**Source data:**

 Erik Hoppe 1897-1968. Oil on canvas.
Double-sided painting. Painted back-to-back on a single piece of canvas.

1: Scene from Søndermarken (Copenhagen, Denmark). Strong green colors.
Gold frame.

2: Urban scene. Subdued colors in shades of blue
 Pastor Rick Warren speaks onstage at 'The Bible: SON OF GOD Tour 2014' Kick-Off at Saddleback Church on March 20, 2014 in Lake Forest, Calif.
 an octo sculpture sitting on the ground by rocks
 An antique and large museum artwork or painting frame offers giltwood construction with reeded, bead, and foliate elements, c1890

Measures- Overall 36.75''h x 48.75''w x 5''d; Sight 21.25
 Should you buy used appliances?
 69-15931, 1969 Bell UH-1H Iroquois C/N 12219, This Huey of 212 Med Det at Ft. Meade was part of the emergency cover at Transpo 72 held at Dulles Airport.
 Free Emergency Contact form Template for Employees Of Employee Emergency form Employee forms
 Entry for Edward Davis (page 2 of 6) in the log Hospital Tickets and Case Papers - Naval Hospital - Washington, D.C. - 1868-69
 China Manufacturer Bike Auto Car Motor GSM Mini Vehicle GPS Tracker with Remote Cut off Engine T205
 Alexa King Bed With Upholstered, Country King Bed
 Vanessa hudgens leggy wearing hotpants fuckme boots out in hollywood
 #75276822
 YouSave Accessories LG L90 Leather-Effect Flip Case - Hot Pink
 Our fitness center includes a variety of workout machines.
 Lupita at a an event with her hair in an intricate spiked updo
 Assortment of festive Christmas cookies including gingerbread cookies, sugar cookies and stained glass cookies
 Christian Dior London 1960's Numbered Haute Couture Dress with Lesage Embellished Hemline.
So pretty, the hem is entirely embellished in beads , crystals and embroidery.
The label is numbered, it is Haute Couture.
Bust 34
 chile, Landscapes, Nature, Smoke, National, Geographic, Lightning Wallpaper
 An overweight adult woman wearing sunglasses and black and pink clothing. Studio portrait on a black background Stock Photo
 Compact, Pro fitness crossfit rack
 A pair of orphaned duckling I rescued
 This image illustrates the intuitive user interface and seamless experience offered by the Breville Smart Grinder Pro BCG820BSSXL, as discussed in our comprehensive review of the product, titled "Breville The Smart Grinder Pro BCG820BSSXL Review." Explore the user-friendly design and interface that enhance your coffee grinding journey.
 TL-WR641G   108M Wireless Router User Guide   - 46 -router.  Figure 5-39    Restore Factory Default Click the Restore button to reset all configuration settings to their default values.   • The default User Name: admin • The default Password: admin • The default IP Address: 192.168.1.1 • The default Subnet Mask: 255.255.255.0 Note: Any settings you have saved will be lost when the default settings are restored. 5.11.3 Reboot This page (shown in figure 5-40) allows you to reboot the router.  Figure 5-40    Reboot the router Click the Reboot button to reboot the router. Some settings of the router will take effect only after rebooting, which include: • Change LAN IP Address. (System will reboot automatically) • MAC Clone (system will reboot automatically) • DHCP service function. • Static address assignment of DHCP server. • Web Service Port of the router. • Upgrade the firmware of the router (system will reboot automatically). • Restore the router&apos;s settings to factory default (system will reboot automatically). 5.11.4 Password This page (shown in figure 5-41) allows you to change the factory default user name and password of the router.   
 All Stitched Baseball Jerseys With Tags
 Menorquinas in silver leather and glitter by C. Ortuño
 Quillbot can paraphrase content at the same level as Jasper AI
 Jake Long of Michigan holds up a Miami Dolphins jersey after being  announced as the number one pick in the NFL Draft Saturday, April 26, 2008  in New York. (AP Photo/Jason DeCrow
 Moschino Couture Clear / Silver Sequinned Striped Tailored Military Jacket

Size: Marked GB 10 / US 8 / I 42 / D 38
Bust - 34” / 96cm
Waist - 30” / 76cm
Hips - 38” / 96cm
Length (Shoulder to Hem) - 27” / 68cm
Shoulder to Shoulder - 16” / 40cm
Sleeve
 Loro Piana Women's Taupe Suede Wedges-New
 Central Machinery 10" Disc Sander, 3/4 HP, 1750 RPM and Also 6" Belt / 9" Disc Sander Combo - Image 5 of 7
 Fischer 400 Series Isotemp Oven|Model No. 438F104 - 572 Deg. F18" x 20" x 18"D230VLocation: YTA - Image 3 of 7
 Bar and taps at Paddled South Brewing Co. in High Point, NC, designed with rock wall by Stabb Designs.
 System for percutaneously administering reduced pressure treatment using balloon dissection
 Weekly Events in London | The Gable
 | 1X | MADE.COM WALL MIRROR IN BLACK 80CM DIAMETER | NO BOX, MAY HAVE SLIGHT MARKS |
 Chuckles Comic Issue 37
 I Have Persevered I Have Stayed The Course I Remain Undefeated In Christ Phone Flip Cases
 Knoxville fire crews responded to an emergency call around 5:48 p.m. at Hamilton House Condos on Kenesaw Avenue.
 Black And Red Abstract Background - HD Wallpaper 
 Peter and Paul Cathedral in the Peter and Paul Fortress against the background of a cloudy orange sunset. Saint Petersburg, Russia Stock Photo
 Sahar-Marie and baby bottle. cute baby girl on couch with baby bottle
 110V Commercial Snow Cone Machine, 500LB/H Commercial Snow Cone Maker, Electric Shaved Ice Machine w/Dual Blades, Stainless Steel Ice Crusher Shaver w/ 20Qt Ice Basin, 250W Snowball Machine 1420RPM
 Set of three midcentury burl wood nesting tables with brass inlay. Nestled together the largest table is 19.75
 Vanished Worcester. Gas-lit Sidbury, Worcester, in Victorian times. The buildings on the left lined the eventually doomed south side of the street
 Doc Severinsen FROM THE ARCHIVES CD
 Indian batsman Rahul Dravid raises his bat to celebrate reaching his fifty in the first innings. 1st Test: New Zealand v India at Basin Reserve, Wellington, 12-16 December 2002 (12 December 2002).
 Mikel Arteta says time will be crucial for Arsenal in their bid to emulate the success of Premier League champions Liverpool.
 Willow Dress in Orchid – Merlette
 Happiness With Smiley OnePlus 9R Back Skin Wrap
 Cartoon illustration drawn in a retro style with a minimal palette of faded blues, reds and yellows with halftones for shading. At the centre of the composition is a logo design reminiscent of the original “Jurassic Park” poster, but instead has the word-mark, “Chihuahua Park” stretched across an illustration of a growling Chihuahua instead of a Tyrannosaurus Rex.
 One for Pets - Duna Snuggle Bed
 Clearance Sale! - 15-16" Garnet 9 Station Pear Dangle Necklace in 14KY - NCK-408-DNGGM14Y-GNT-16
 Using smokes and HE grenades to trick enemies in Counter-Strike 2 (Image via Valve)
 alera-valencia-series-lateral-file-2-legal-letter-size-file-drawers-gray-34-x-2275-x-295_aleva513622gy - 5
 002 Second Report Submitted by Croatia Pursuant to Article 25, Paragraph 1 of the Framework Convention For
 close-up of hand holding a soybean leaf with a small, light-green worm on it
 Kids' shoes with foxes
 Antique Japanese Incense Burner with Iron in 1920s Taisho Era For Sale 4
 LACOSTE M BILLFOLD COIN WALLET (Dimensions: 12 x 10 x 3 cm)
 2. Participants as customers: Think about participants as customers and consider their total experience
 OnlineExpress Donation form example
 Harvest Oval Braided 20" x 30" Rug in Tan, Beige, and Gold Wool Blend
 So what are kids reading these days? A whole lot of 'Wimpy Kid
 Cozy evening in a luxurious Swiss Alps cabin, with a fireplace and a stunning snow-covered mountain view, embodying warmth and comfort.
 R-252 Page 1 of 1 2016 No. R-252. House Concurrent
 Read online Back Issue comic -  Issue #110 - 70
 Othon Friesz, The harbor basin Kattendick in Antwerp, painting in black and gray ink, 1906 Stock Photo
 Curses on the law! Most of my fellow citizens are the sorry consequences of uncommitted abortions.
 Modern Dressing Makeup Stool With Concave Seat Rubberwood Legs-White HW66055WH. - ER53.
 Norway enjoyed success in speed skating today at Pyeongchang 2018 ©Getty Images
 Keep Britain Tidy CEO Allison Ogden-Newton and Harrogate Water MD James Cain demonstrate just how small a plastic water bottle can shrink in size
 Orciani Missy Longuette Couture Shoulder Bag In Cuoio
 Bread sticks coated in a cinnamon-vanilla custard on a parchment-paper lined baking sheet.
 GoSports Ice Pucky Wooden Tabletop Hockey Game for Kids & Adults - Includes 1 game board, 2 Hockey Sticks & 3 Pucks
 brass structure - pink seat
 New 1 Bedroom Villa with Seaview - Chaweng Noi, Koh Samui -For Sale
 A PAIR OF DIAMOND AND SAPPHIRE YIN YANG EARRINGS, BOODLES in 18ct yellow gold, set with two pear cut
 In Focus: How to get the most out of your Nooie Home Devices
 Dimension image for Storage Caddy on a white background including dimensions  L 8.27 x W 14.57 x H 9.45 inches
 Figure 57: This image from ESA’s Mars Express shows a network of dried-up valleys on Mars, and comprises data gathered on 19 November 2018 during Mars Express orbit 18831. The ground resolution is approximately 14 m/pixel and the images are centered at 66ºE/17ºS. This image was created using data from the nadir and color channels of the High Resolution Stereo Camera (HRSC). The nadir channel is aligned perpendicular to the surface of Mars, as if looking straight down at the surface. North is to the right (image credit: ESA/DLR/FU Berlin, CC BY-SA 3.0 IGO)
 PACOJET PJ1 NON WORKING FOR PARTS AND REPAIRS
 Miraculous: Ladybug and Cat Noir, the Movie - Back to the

**Work order:** Please write out the material word for word from its first line through the line holding "2: Urban scene.", including both, and no line past it.

**Task solution:**
 Erik Hoppe 1897-1968. Oil on canvas.
Double-sided painting. Painted back-to-back on a single piece of canvas.

1: Scene from Søndermarken (Copenhagen, Denmark). Strong green colors.
Gold frame.

2: Urban scene. Subdued colors in shades of blue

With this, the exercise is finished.